Read Of Ashes and Rivers that Run to the Sea Online
Authors: Marie Munkara
My mum wants to go to the convent for morning tea so she can introduce me to the nuns. I don't want to do this because one of my pet hates is religious bigotry and from what I've experienced, Catholicism has a star-studded cast of bigots. They offer love and peace by being brutal and hateful. They preach kindness to their neighbour while they practise intolerance towards everyone who doesn't come in line with their fundamentalist beliefs. Now who does that sound like, I wonder?

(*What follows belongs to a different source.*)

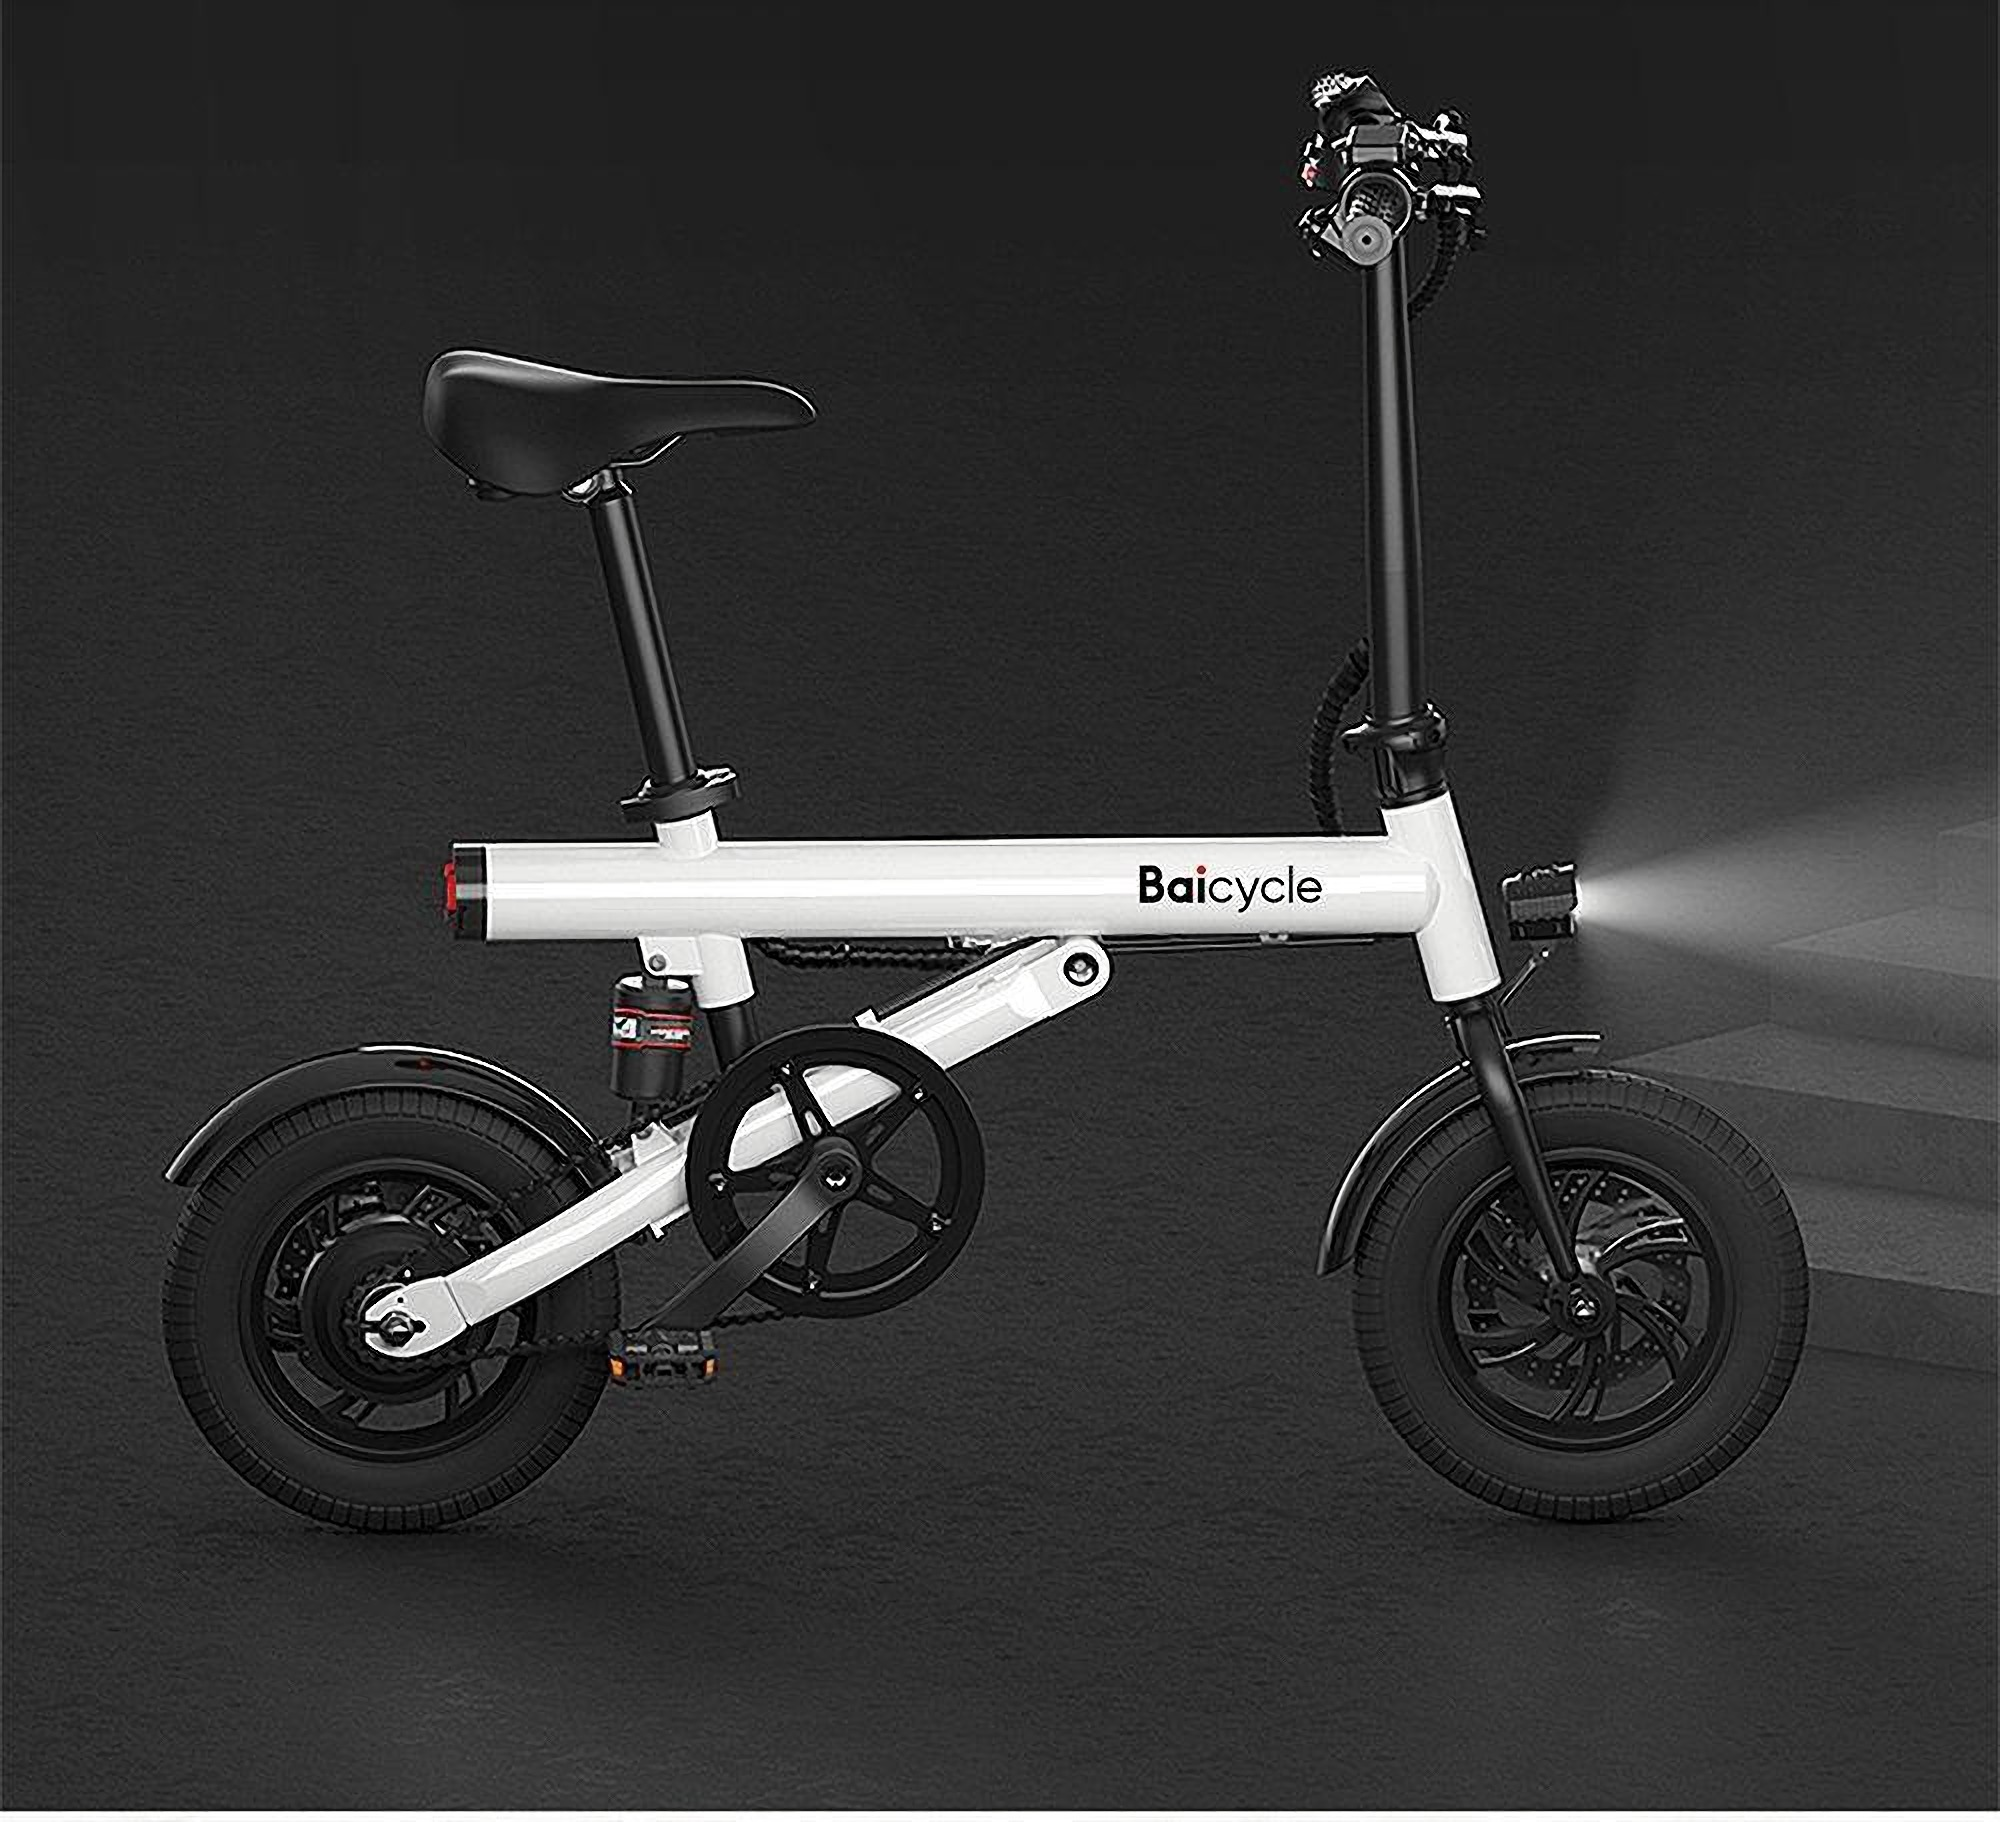 Skladné elektrokolo Baicycle Smart 2.0 nyní ve skvělé akci na Geekbuying.com [sponzorovaný článek]

But I indulge her whim and off we go. My mum tells me that the tea room has two tables, one for the nuns and one for visitors, so when I pour my tea I deliberately go and sit at the table where some nuns are already seated so I can piss them off. My mum is already sitting at the visitors' table and I call out to her and point to an empty chair on the other side of the
table where I'm sitting. I can see the cogs turning in her brain. Does she ignore me or does she ignore the rules? The nuns don't know where to look because they know I am openly defying their laws about sectarianism in their tea room. I find it strange that a form of apartheid exists in this mission that is teaching the blackfellas that everybody is equal in the eyes of God. But not in the nuns' tea room.

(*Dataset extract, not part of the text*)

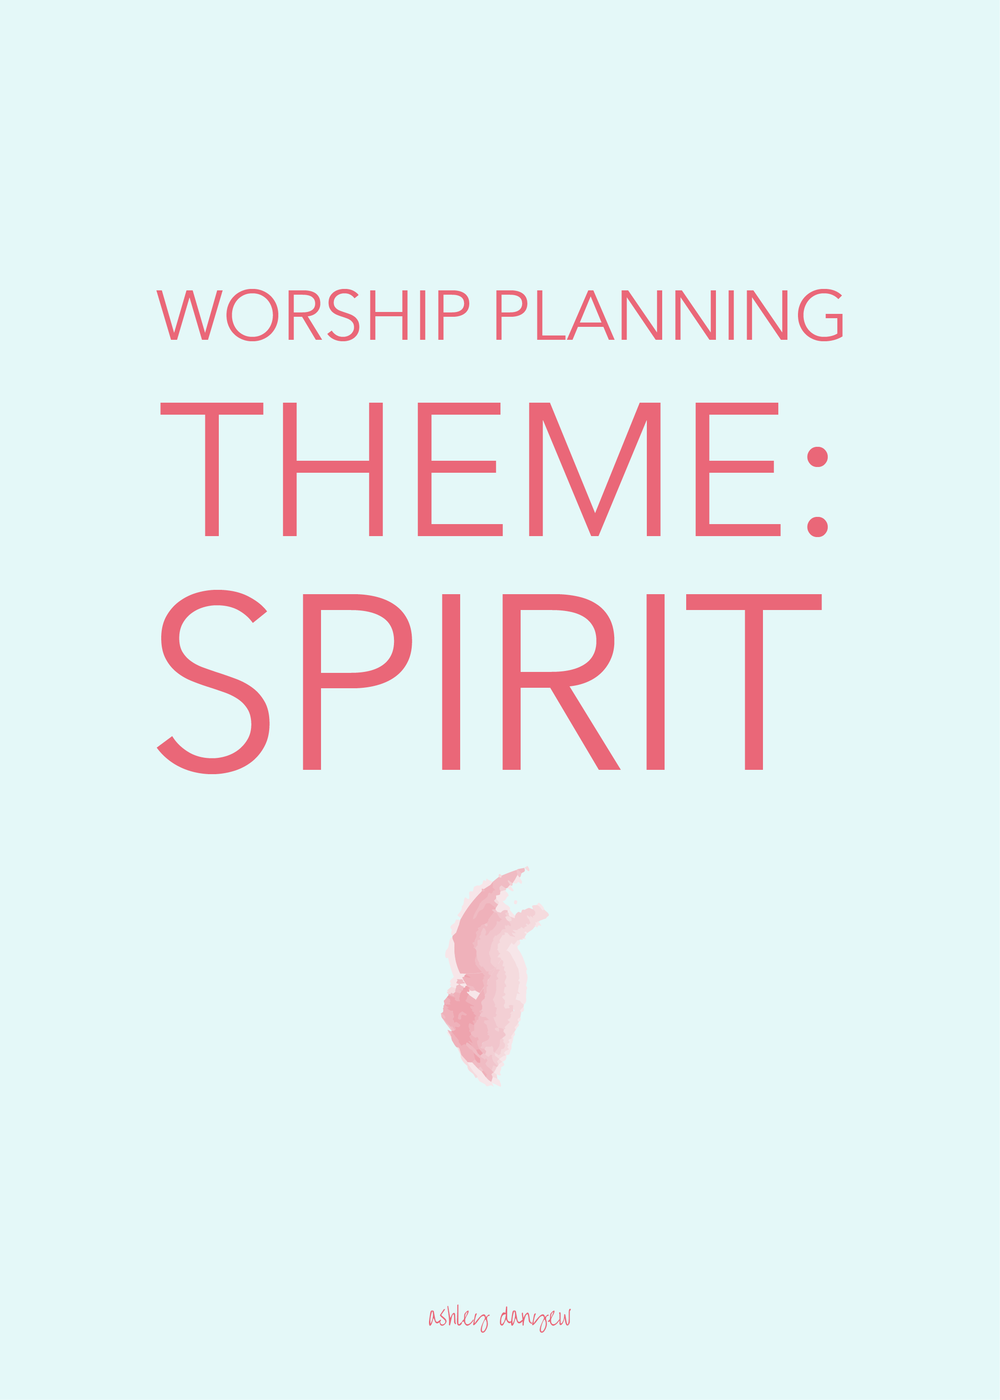 Copy of Worship Planning Theme: Spirit

I'm waiting to be put in my place so I can tell them to get fucked but it doesn't happen, they just sit there and make some very small talk between themselves to show that they are in control. Mummy opts to stay where she is and not disrupt the status quo any more than has already happened, she definitely isn't a risk-taker, this mother of mine. So I help myself to one of the nuns' biscuits. Well, I'm assuming they're the nuns' biscuits because they are on the nuns' table. By now the nuns' attempts at conversation have fizzled out so I strike up a conversation with the one next to me. I ask her what her real name is and why she decided to become a nun and if she had any pets when she was a kid. She gives me a sideways glance like she's looking at the devil incarnate and I give her a big friendly grin but then my mum has me by the arm and is pushing me out the door.

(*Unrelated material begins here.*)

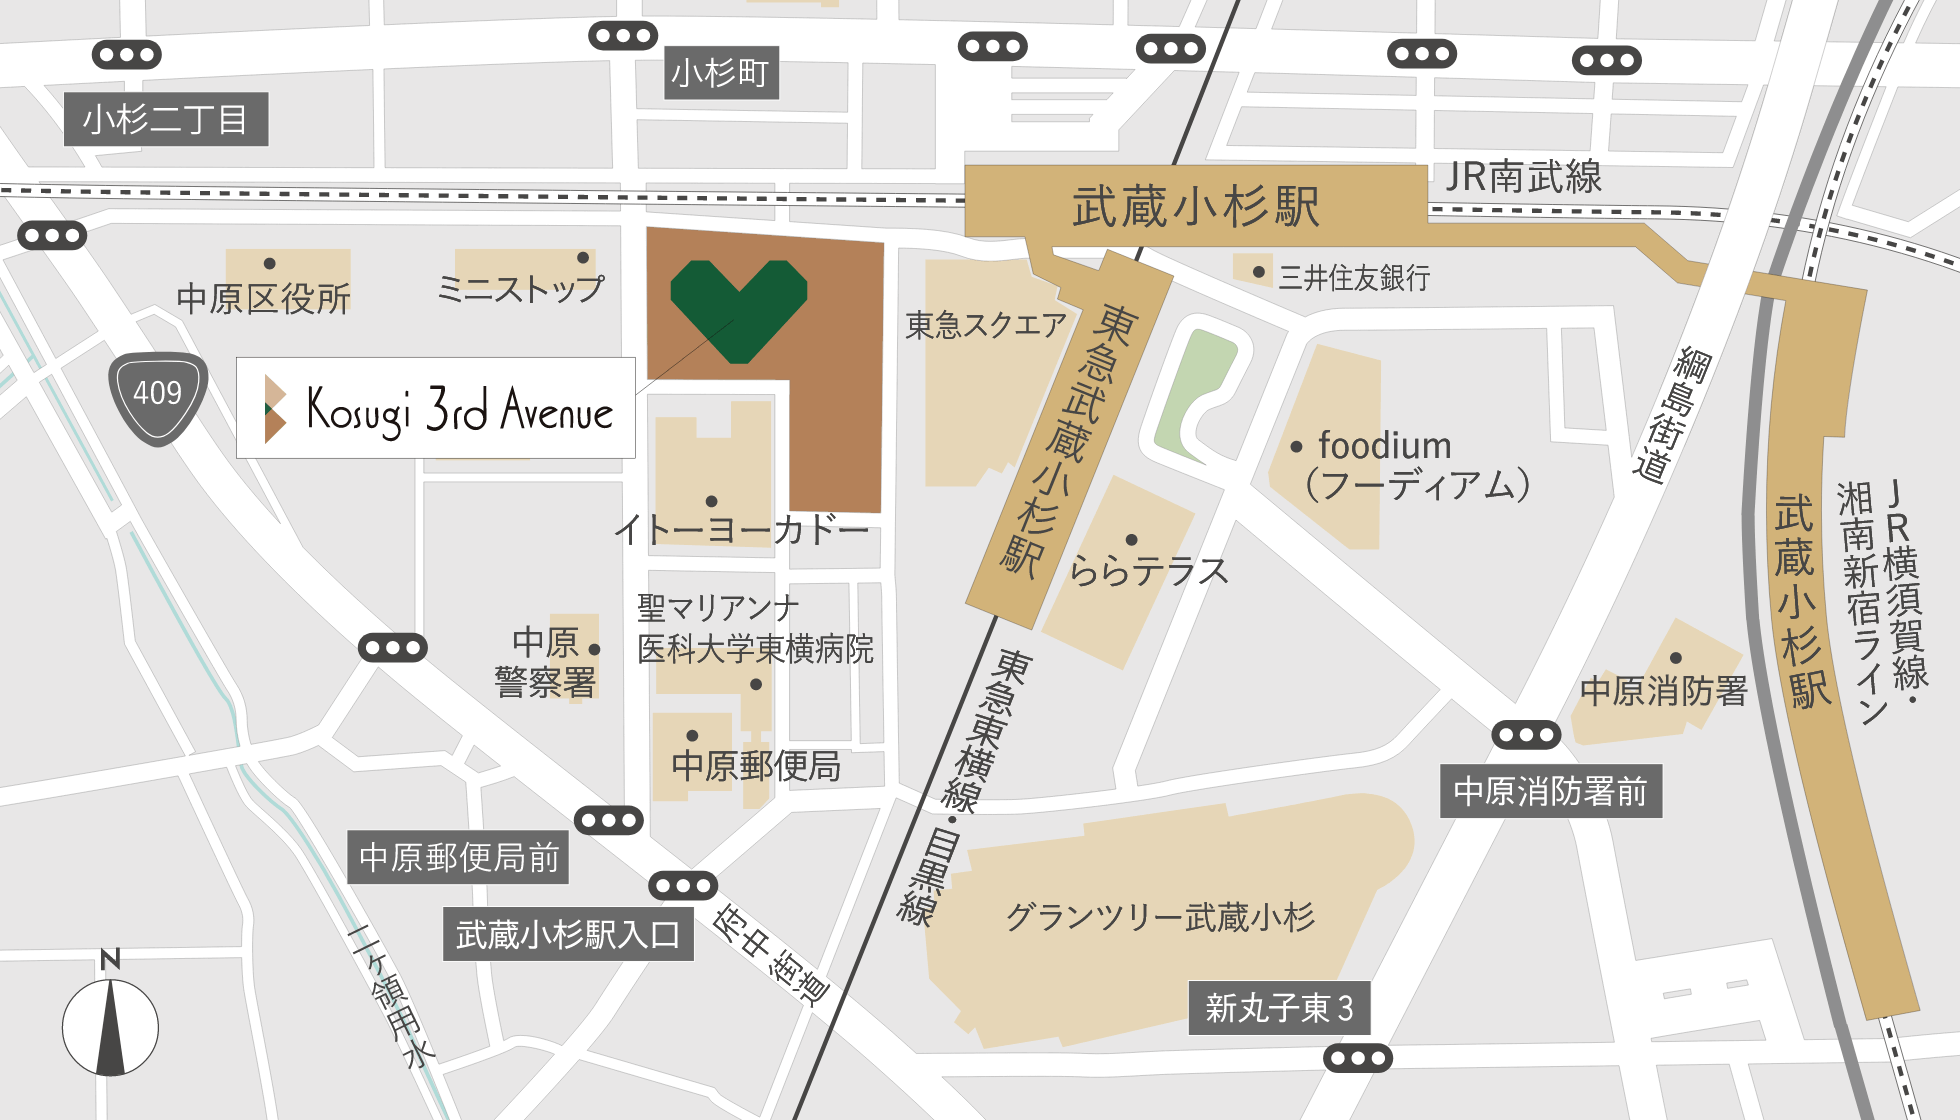 JR線「武蔵小杉」駅徒歩1分、東急東横線・目黒線「武蔵小杉」駅徒歩2分

Mummy is really grumpy and stalks along in silence, her walking stick clacking on the ground with each step of her gammy leg. We are heading to somewhere else in
the religious precinct. I am starting to worry that she is taking me to father whats-his-name to have my confession heard after my insolence in the tea room but we pull up at a door where there are some other ladies waiting. Mum tells them about the tea-room incident and they all glance at me from time to time as she carries on like I'd spat at the Pope or something. I hear footsteps approaching and turn to see one of the nuns from the tea room. It's the one I tried to strike up a conversation with and again she avoids my gaze and unlocks the door.
It's a room full of second-hand clothes. Mummy and the other women start rifling through the stuff like they were going through the Boxing Day specials in Myers. Mummy already has a few dresses over her arm and is eagerly scrounging for more. I tell her another person has sweated onto those clothes and maybe some kid has pissed or shat or wiped their snotty nose on them as well but this makes no impression on her and she tells me to have a look for something to wear when we go hunting in the mangroves. When I tell her no, she tells me not to whinge about the mud stains on my clothes then. Well, okay, I did whinge once or twice but I'm fine about the mud stains that will never come out of my shorts with the frilly bit on the bottom and the white cotton halter-neck top that makes my boobs look bigger. I'm okay with this because I can continue to wear them into the mangroves and save my other clothes from the same fate.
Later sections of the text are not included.